It is less well-known that one can use the Taylor coefficients at a second point \(z=b\), namely \(q_j = f^{(j)}(b)/j!\), to give a much-improved approximation on the interval \(a \le z \le b\). Without loss of generality, we assume \(a < b\), and later we will consider the case of a line segment joining two complex points a and b. For now, we assume the variables are real. For ease of notation, we make a change of variables to \(s = (z-a)/(b-a)\) so that \(z = a + s(b-a)\). Then, the following formula was known already to Hermite [29]:

$$\begin{aligned} H_{m,n}(s) =&\sum _{j=0}^{m} \left[ \sum _{k=0}^{m-j}{n+k\atopwithdelims ()k}{s}^{k+j} \left( 1-s \right) ^{n+1}\right] p_{{j}} \nonumber \\ +&\sum _{j=0}^{n} \left[ \sum _{k=0}^{n-j}{m+k\atopwithdelims ()k}{s}^{m+1} \left( 1-s \right) ^{k+j}\right] \left( -1 \right) ^{j}q_{{j}} \end{aligned}$$
(2)

We say that a polynomial has grade m if its degree is at most m. This is convenient in cases, as here, where the leading coefficient is hidden and might be zero. The formula above is of grade \(m+n+1\) and has Taylor coefficients (in the s variable—one has to be careful to use the chain rule to change coefficients to and from the original z variable) \(p_j = f^{(j)}(0)/j!\) and \(q_j = f^{(j)}(1)/j!\).

Definition of a blend. \(H_{m,n}(s)\) is a two-point Hermite interpolational polynomial in that it satisfies the given Hermite interpolational data at either end. This term is too complicated to say easily, and so I use the word “blend” instead. This seems apt because the polynomial “blends” together the Taylor coefficients at either end.

The Lagrange form of the error in a blend is analogous to the Lagrange form of the error in Taylor approximation:

$$\begin{aligned} f(s) - H_{m,n}(s) = \frac{f^{(m+n+2)}(\theta )}{(m+n+2)!} s^{m+1}(s-1)^{n+1} \end{aligned}$$
(3)

for some \(\theta = \theta (s)\) between 0 and 1. On the interval \(0 \le s \le 1\) the polynomial \(s^{m+1}(1-s)^{m+1}\) is \(2^{2m+1}\) times smaller than the polynomial \(s^{2m+1}\), which is the corresponding term in the Lagrange form of the error for Taylor approximation. Two-point Hermite interpolation can therefore be substantially more accurate on the interval than Taylor approximation of equivalent grade. On an interval of width h this gives an \(O(h^{m+n+2})\) error, with one less power of h for every derivative taken.

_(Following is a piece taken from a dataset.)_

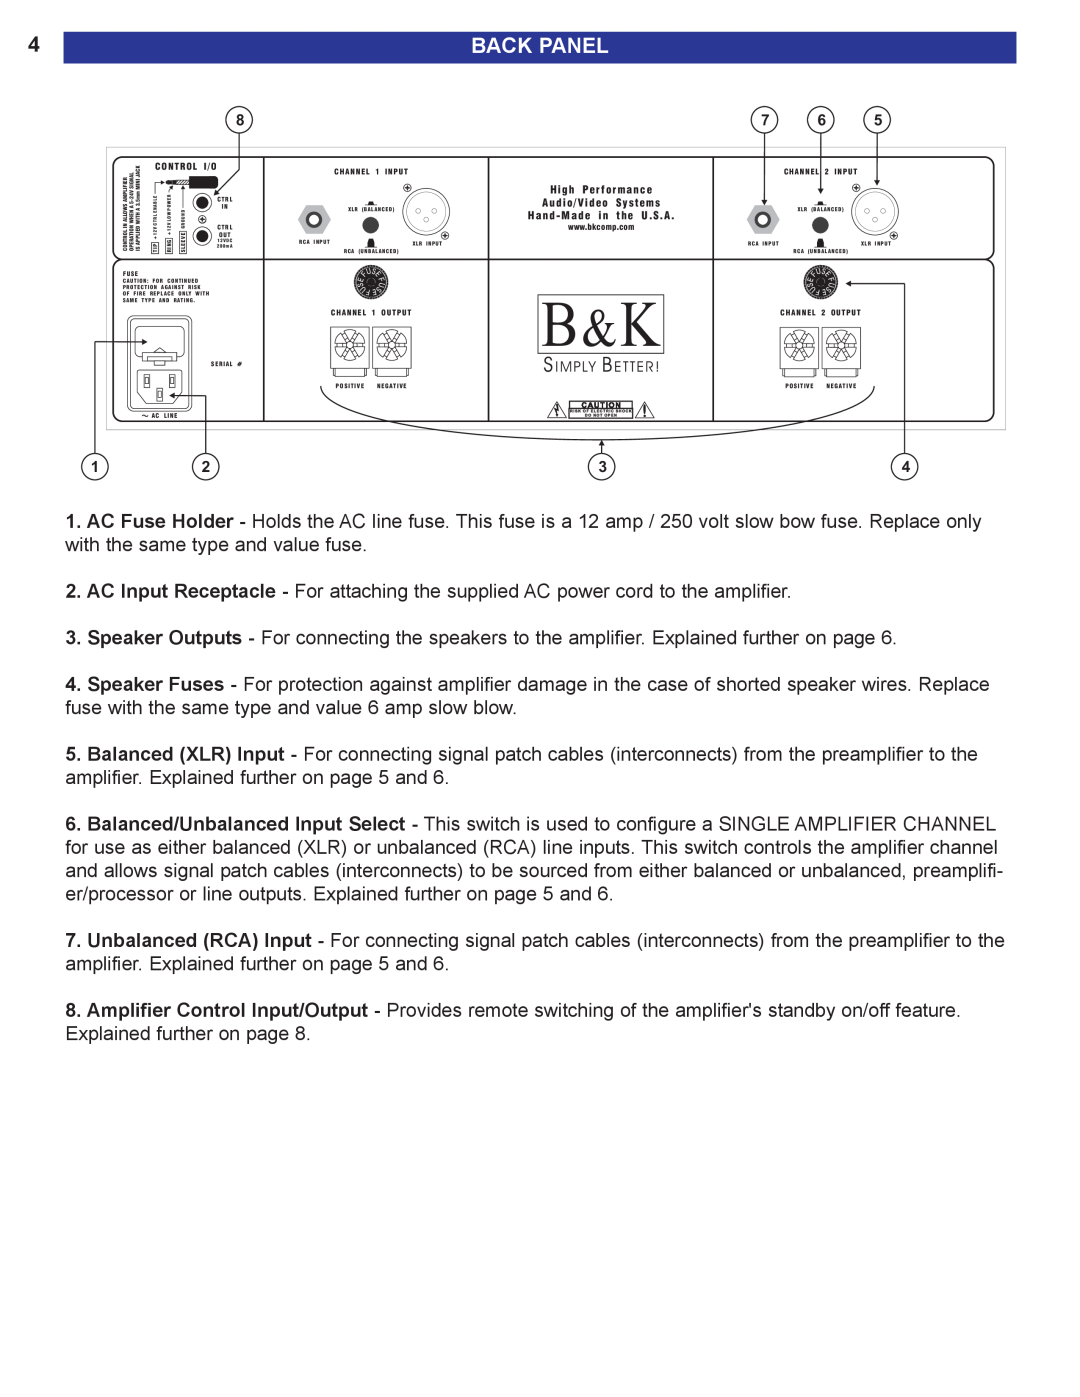 B&K 200.1 S2, 200.2 S2 user manual Back Panel

A complex-valued version of this error formula (due to Hermite) is available:

$$\begin{aligned} f(s) - H_{m,n}(s) = \frac{1}{2\pi i} \oint \frac{s^{m+1}(1-s)^{n+1}f(\zeta )}{\zeta ^{m+1}(1-\zeta )^{n+1}(\zeta -s)}\,d\zeta \>, \end{aligned}$$
(4)

where the counterclockwise integration takes place on a closed contour that encloses s, 0, and 1, and no singularities of f. We give more details about this in Sect. 2.6.

There is also the principle of economy: if you are going to generate Taylor series of grade m at every point in a numerical solution of a differential equation, you might as well use those at either end of the interval to interpolate with.

The numbers \(\left( {\begin{array}{c}n+k\\ k\end{array}}\right) \), for \(0 \le k \le m\), and identically \(\left( {\begin{array}{c}m+k\\ k\end{array}}\right) \), \(0 \le k \le n\), which appear in formula (2), grow large rather quickly. This may (should!) alarm numerical analysts because their exponential growth may cause instability in the numerical evaluation of the formula.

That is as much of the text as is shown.